Device may not have local mode enabled. Check with:
  balena device local-mode <device-uuid>

For a reason I cannot explain, after a few reboots, scan now show the output for the development variant and I can now use the local mode!?!

Having the same issue on a Raspberry 4, booting from SSD connected to usb 3.0.

@le13francois @luandro

Yeah I had the same issue with RPi 3 and RPi 4 as shown here: Cannot push to Balena device that appears to be functional: Supervisor API ECONNREFUSED - #35 by klutchell
Normally this did not work until one reboot, then it worked. @klutchell - seems like you can open up the bug again and it should be wider now with Jetson Nano, RPi 3 and RPi 4 this time.

Thanks for cross-linking the threads @nmaas87, I’ve linked the same issue in our database so we can track occurrences!

@le13francois could you confirm your OS release version and we will attempt to reproduce internally?

Could you also include the journal logs when it’s in that state after first boot? They can be collected with journalctl -u balena-supervisor -u os-config-json -a --no-pager.

Could you also provide the version of balena CLI you are using? Does the behaviour change if you update to the latest?

@klutchell

This seems to occur randomly, and when it does there’s no way to ssh into the device to get journal logs. The device ip pings, and appear with Online (VPN only) on the Balena dashboard, but no logs appear there either. After a few reboots everything goes back to normal.

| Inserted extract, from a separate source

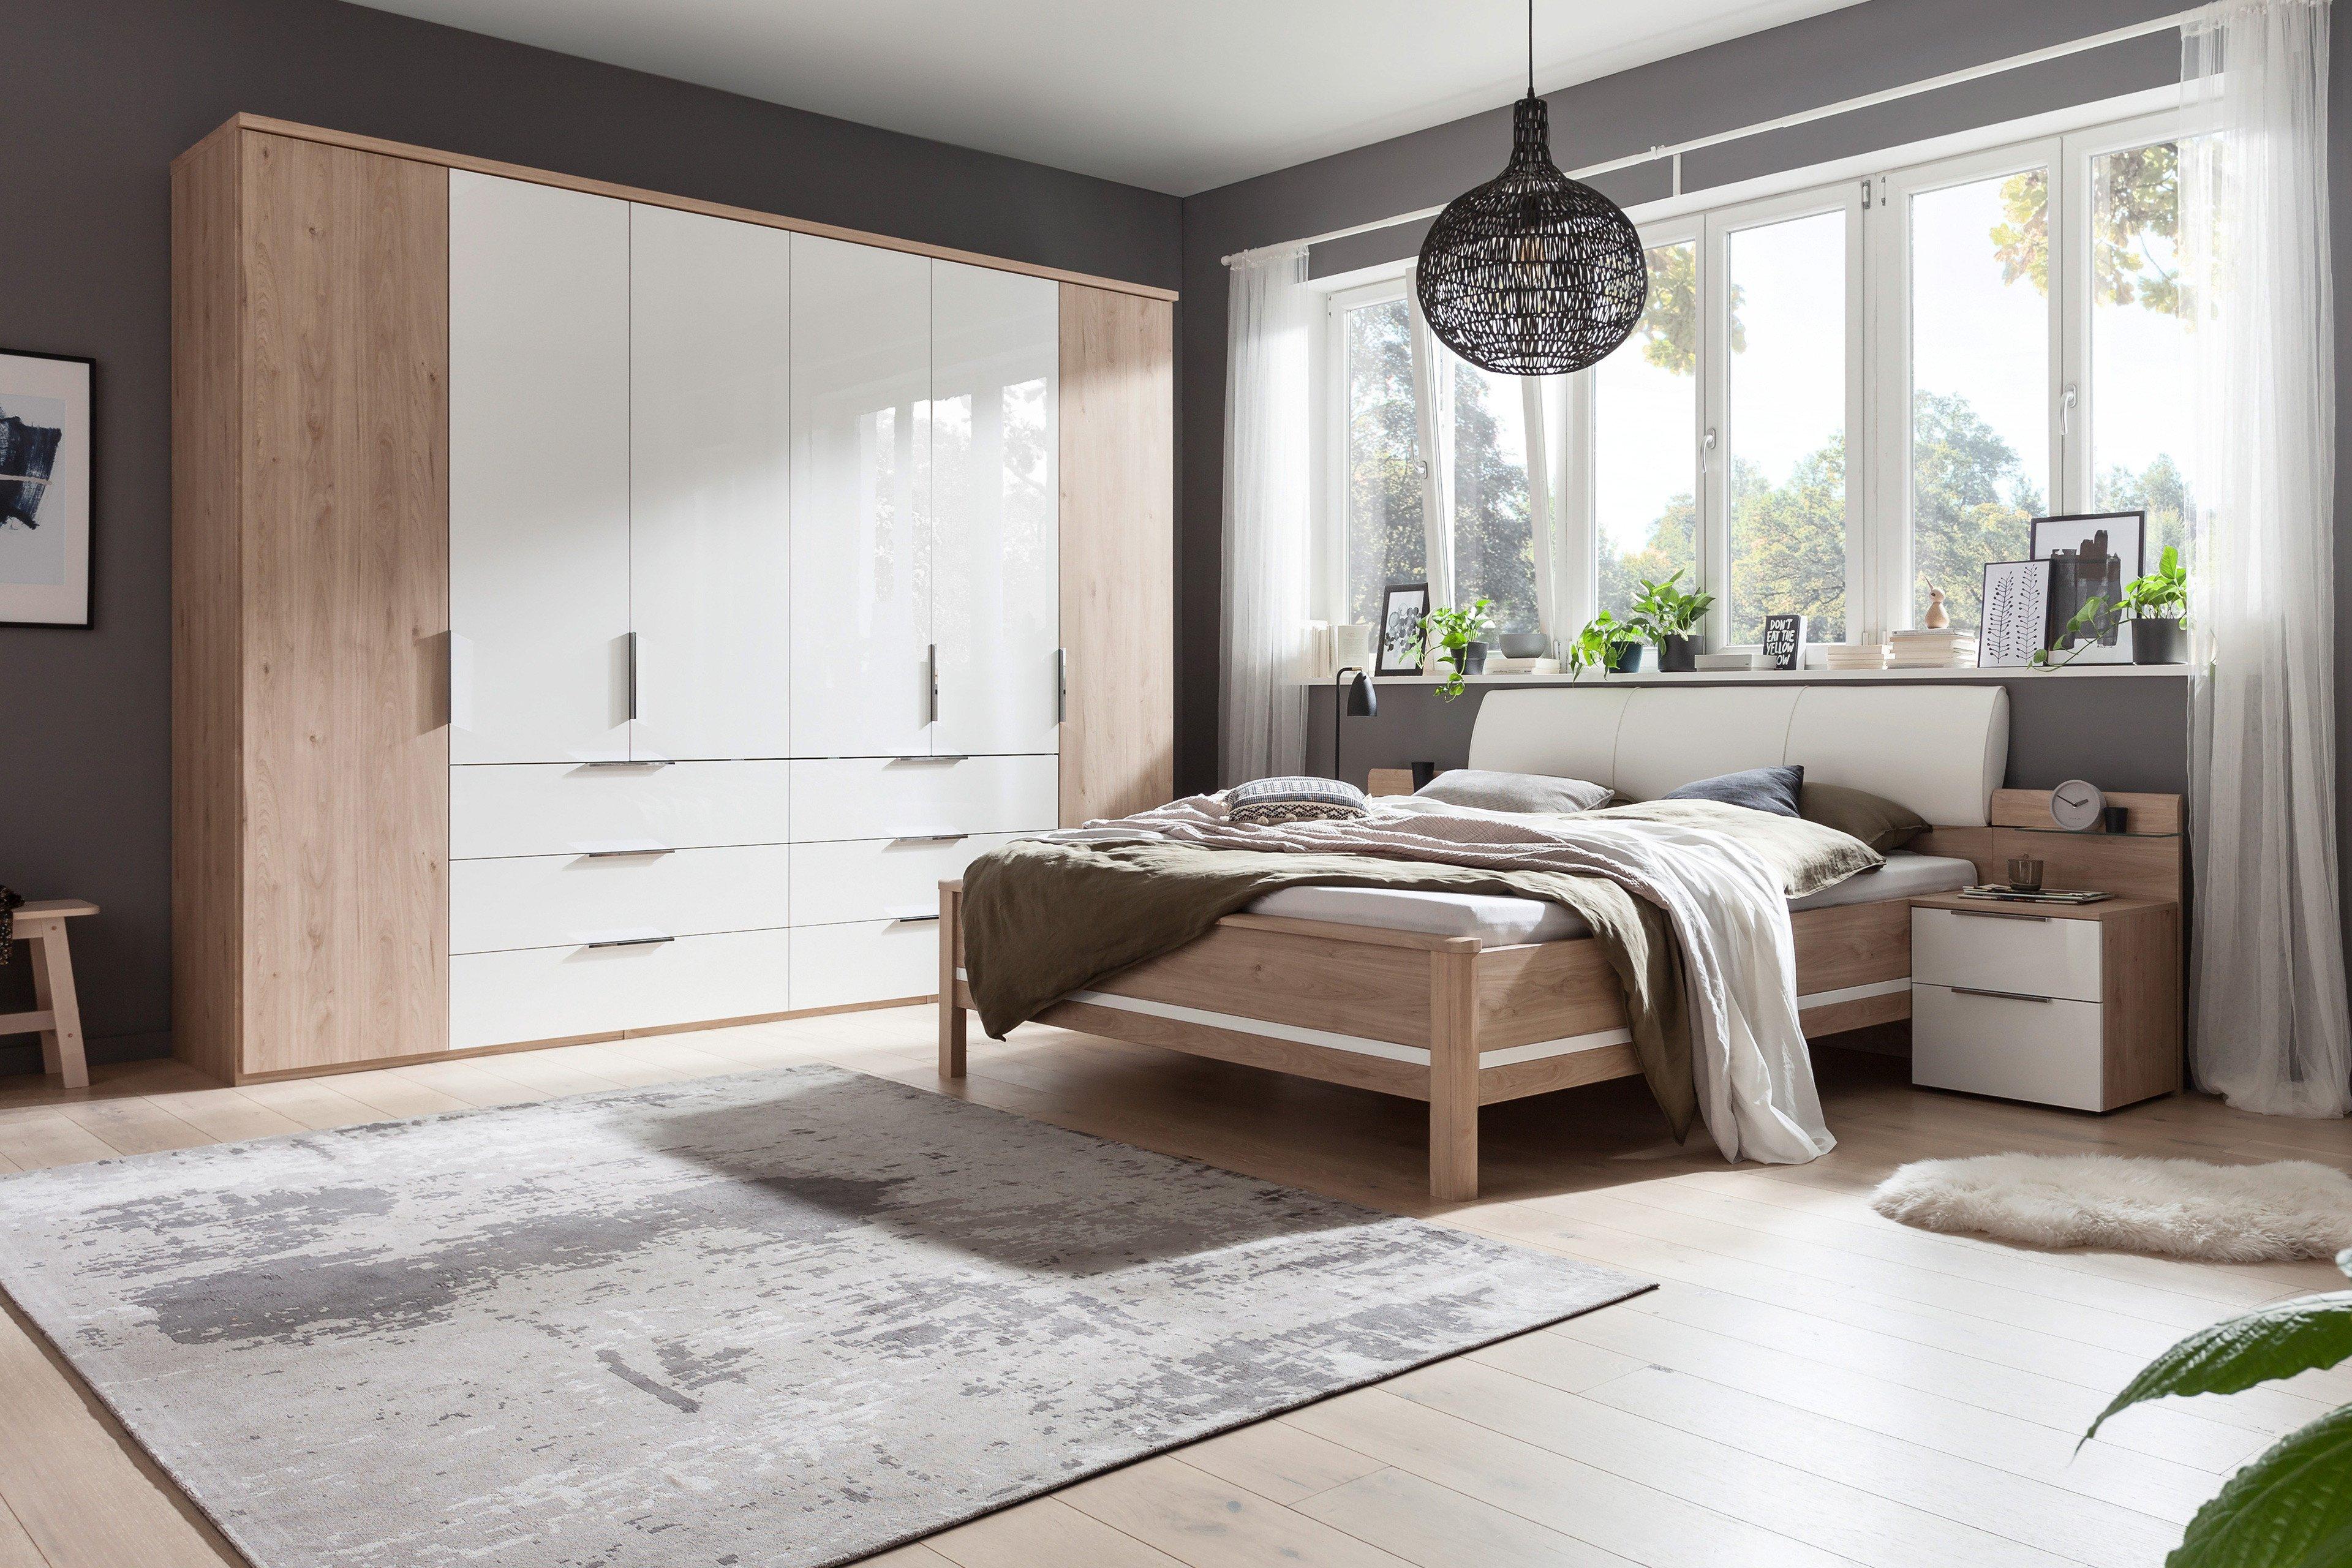 Nolte Schlafzimmer Horizont 21 & concept me   Möbel Letz   Ihr ...

I’m using balenaOS 2.94.4 on a Raspberry 4, booting from a SSD connected to usb 3. Supervisor
12.11.36. I didn’t even bother testing another version of Balena CLI cause the issue is clearly not there.

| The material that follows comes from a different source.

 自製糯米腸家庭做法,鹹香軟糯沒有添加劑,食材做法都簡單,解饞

This is really really annoying issue.

@le13francois @luandro Does this only happen with development images, or production as well? Did this only start happening with recent OS releases? Have you tried to ssh with ssh -p 22222 balenacloud_username@balena.local or ssh -p 22222 root@balena.local?

It sounds like the supervisor is not running on your device, or the API is otherwise unreachable. I would like to narrow down the conditions in which it occurs, as we haven’t seen this in our internal testing.

Yes I’ve tried ssh -p 22222 even with -vvv and the logs shows connection reset by peer. I haven’t noticed this behavior before, seems to be recent.

Seems like the device randomly boots without running anything, not even supervisor. Could it be related to booting thru USB? Doesn’t seem like it though. Why does rebooting a few times fix it? Weird…

UPDATE: Updated device to latest balenaOS 2.95.8 and supervisor 13.0.0, but didn’t solve the problem. After the OS update reboot, the device is back to osVariant: production. A few reboots later and it’s again showing development and starting services as it should.

I’m testing with two Pi 4s. The one which boots from SD card always works fine, the problem really seems to be related to booting from the SSD connected to USB. Any ideas why this could be happening?

Just to add: I also had the issue with RPi 3-64 and RPi 4-64 with different kinds of SD cards (old, slow ones and new, very speedy ones)

I’ve changed the SATA USB adapter and the problem never occured again… I’m almost certain that was the cause.

Thanks for sharing your solution @luandro! I’ll update our attached patterns to reflect that this may occur when booting from external storage devices.

1 Like

@le13francois we haven’t heard from you in a while, are you still experiencing this issue?

@nmaas87I would be happy to continue debugging your issues back on the original thread if you have time to continue troubleshooting. There is of course no rush since I know you changed your work shifts. We can chip away at this problem at your convenience!

Just drop me a message over there if you’d like to get into it again!